— COLLECTED MATERIAL —
# # # #
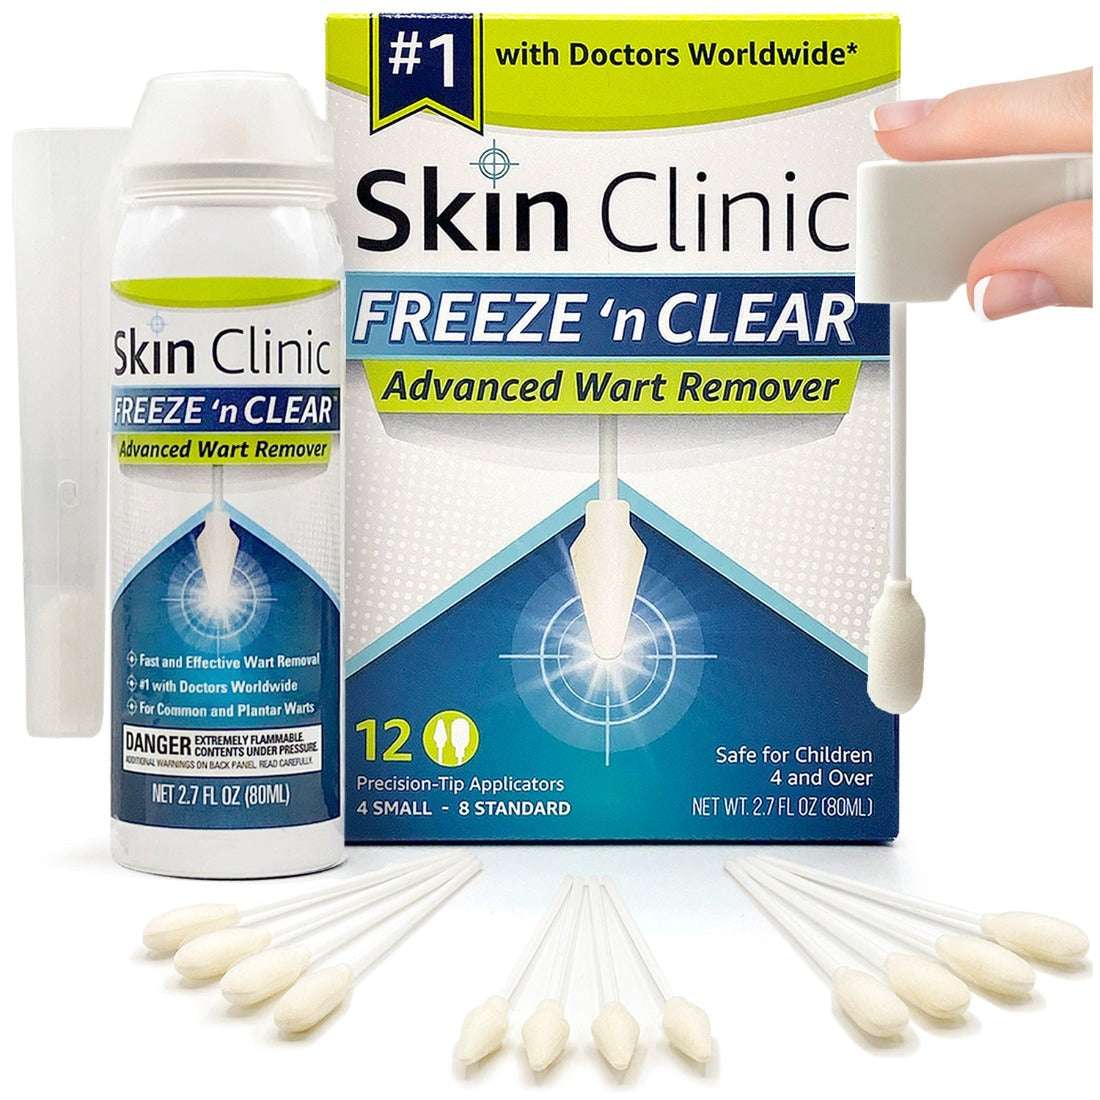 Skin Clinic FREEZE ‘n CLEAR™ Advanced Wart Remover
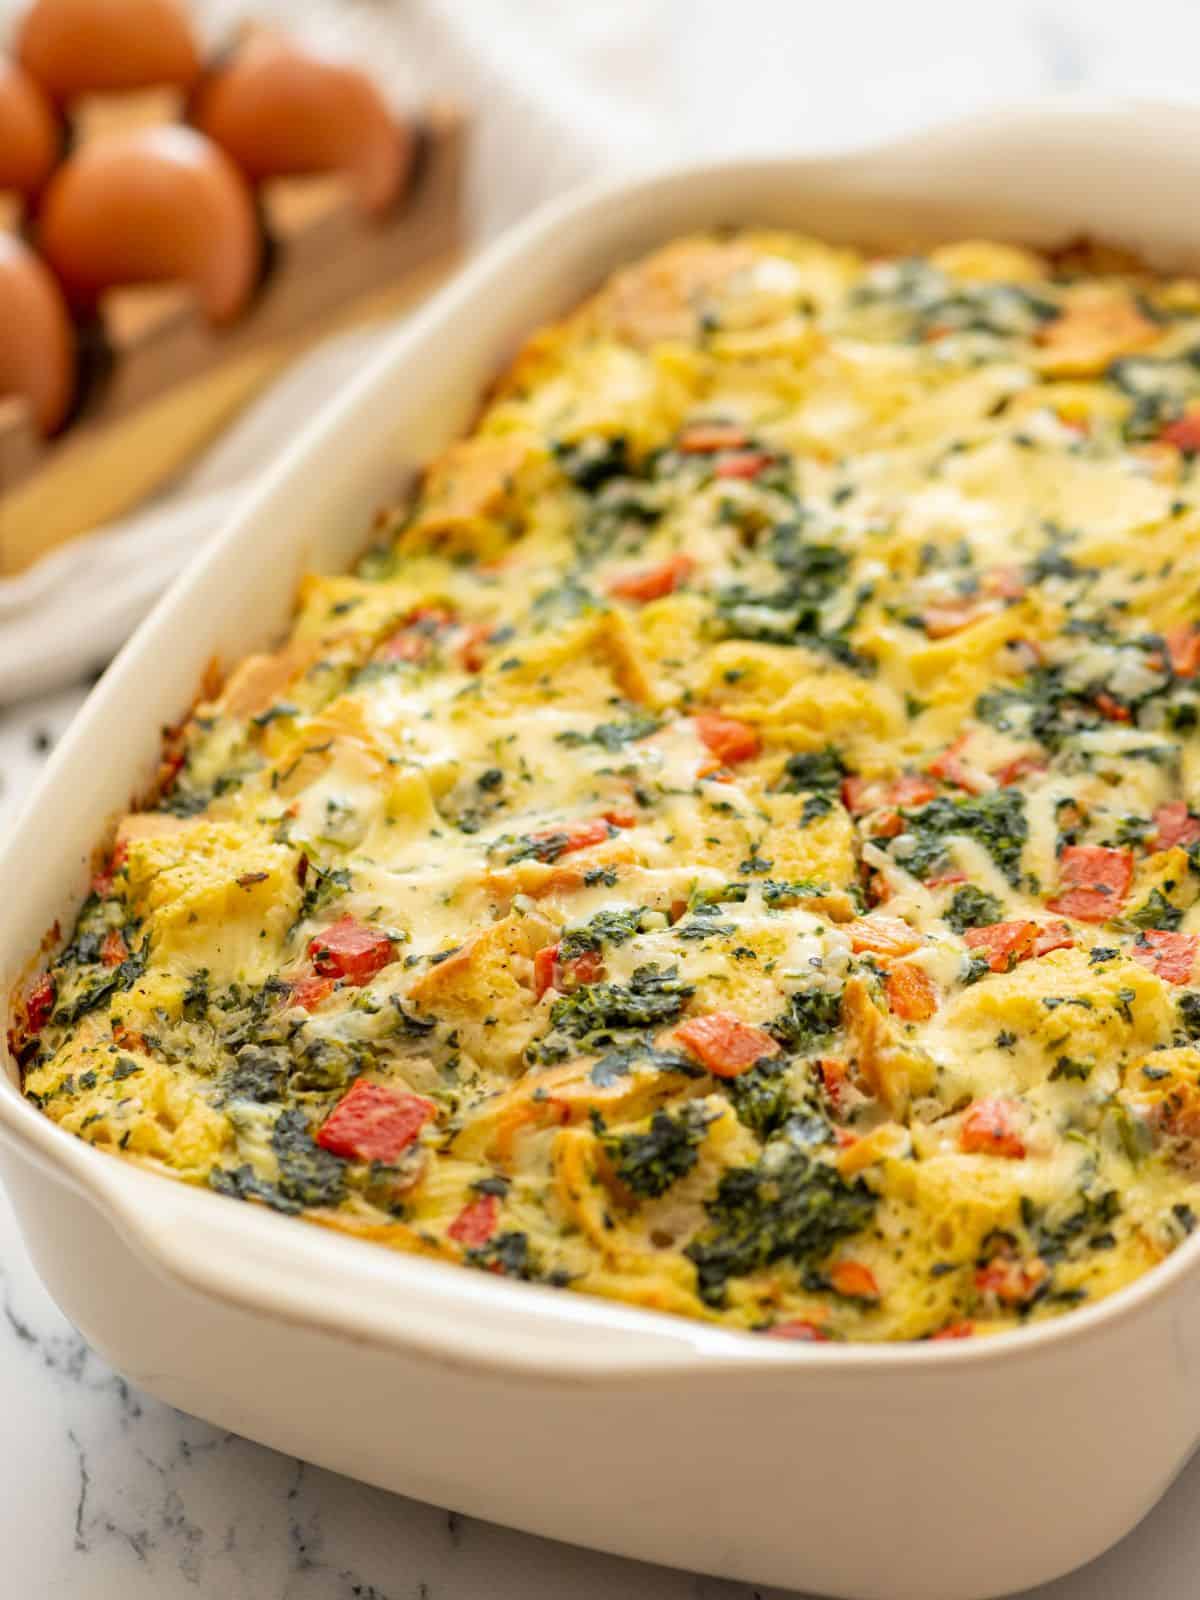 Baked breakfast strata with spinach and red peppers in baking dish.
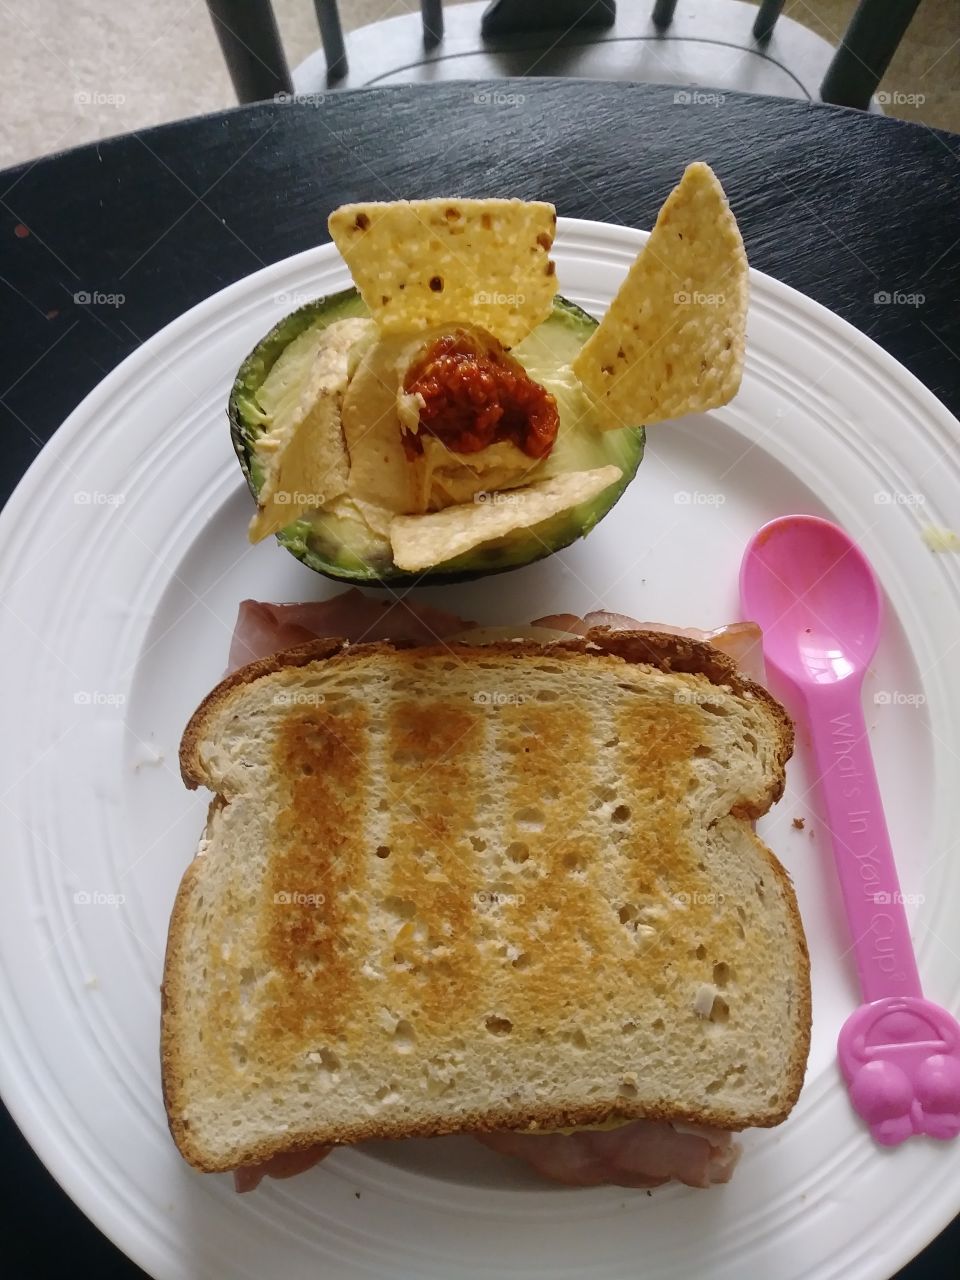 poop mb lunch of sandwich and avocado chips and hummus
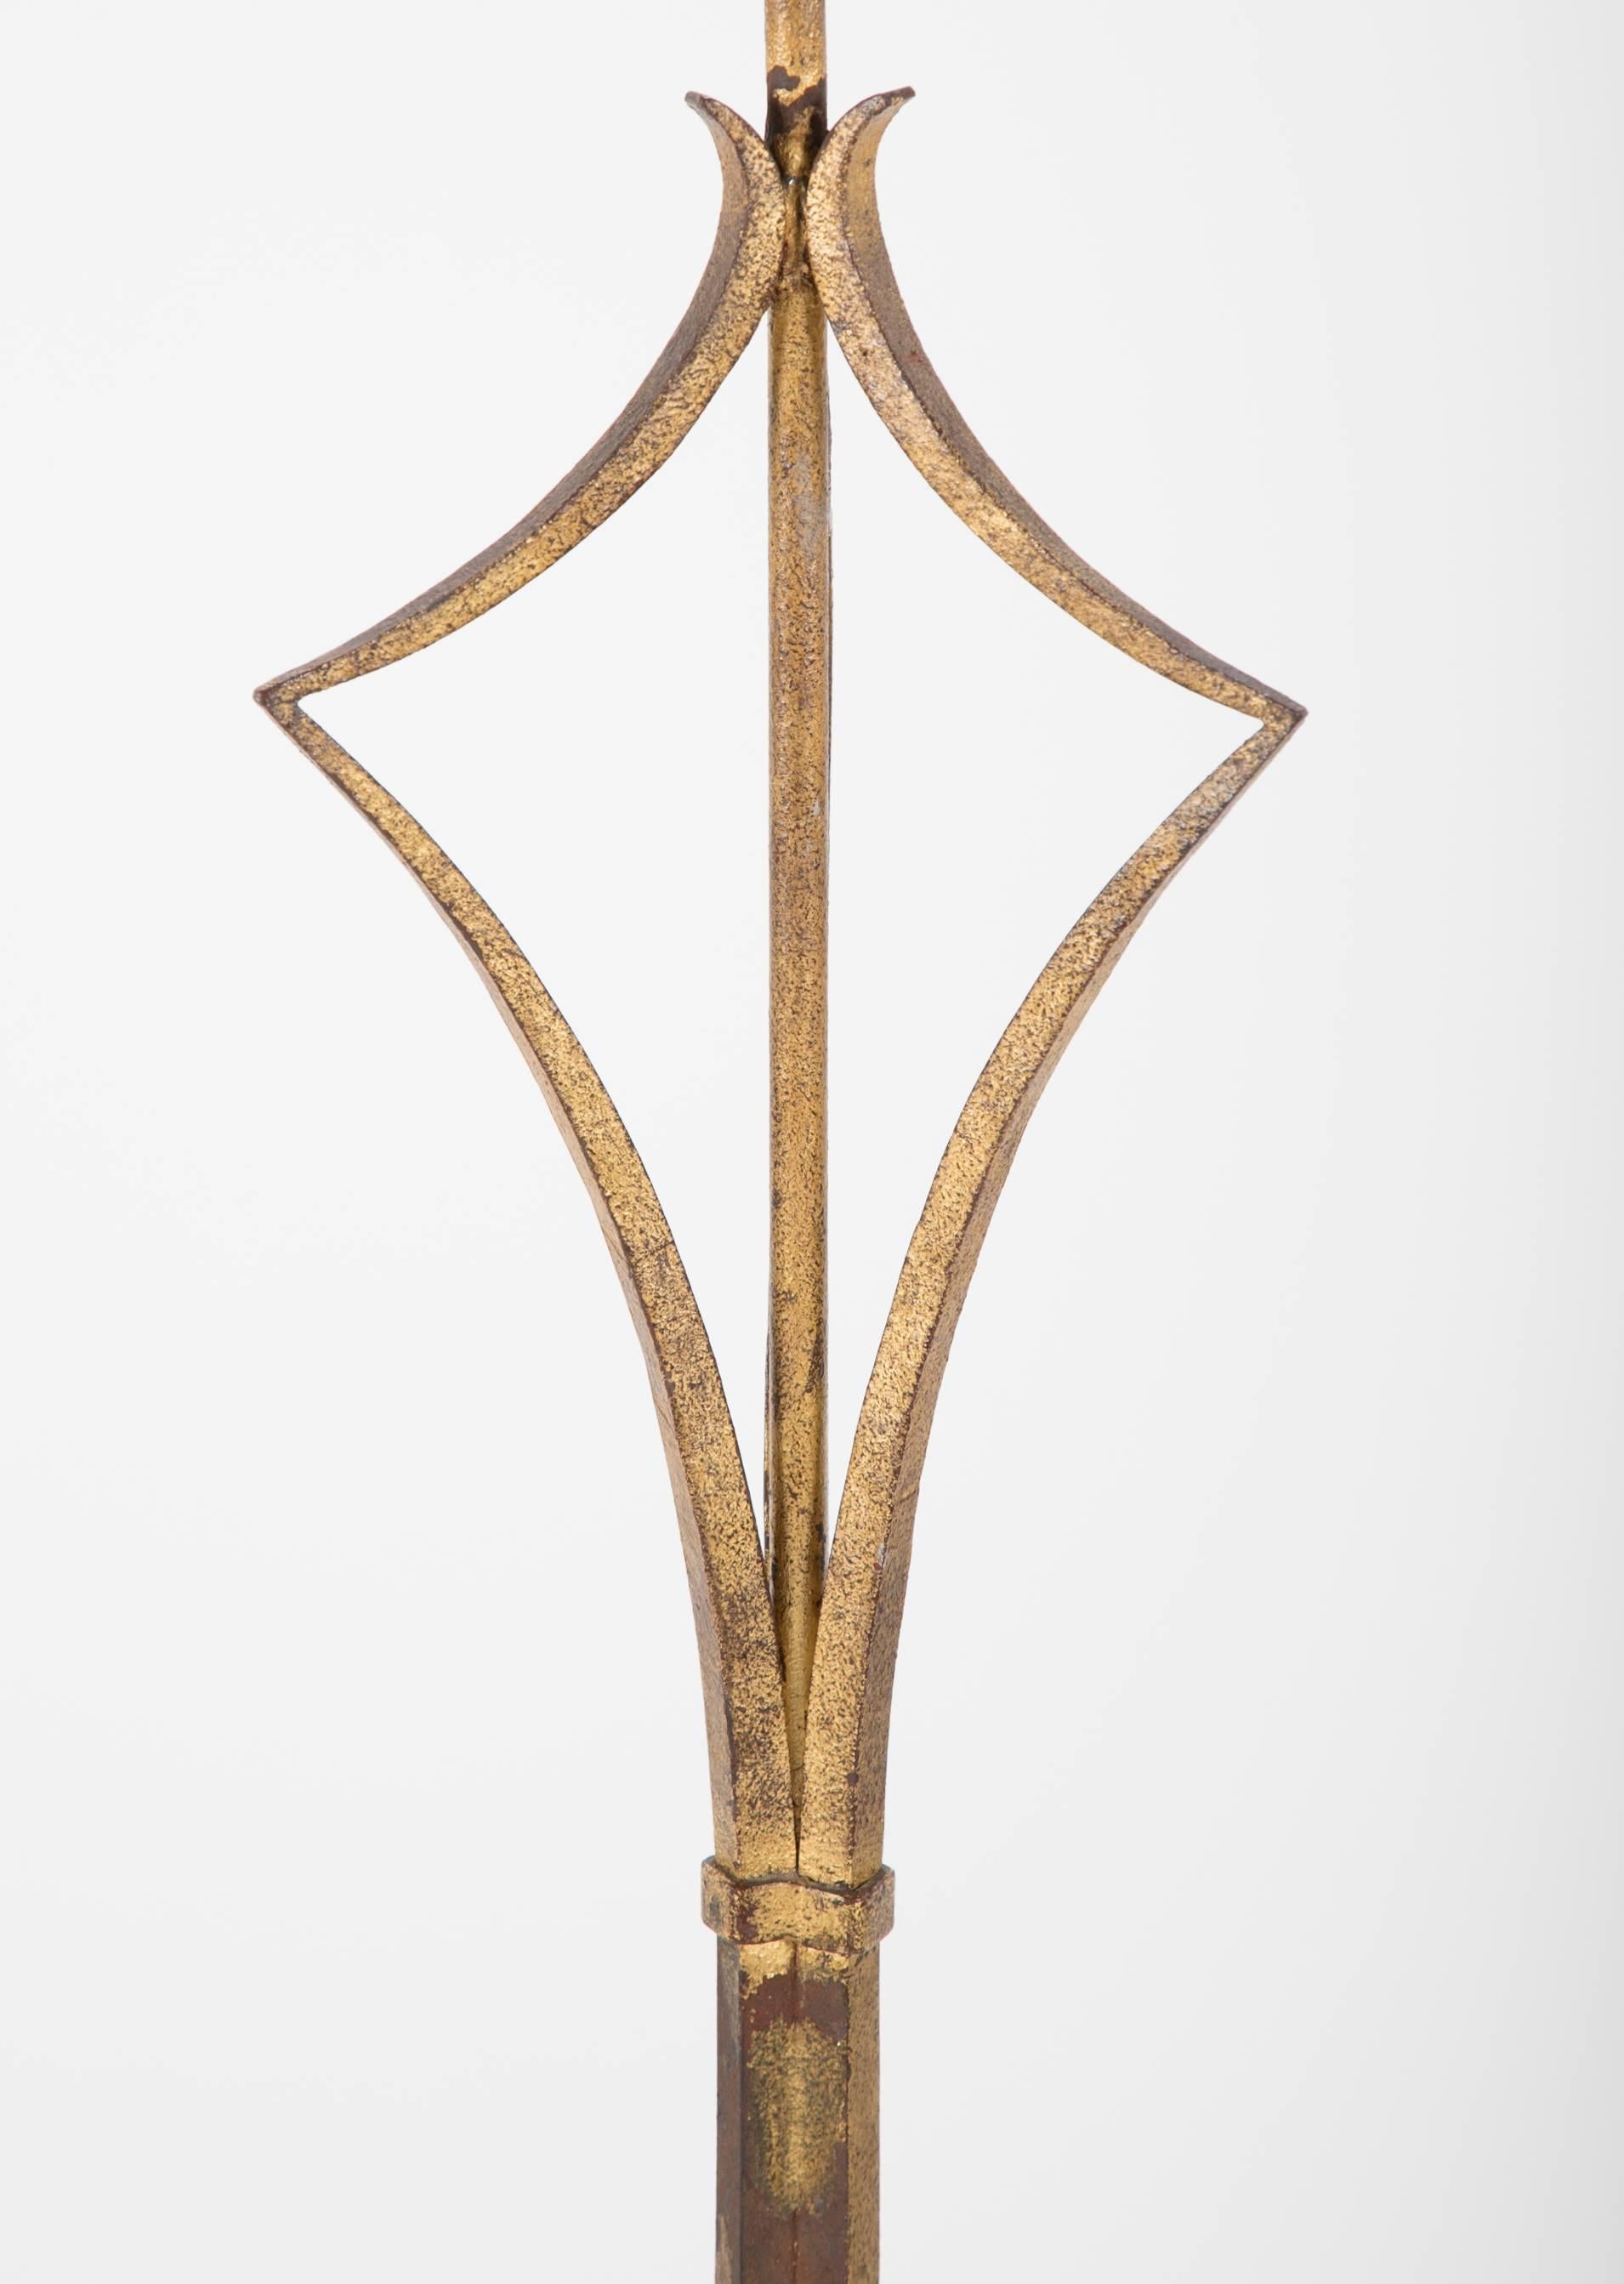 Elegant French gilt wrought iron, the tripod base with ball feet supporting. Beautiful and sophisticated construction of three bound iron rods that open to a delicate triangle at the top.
# # # #
— WORK INSTRUCTIONS —
Reproduce, word for word, the lines from the one containing "poop mb lunch" to the end of the material, both ends included. No picture is copied.

— RESPONSE TO THIS EXERCISE —
 poop mb lunch of sandwich and avocado chips and hummus
 Elegant French gilt wrought iron, the tripod base with ball feet supporting. Beautiful and sophisticated construction of three bound iron rods that open to a delicate triangle at the top.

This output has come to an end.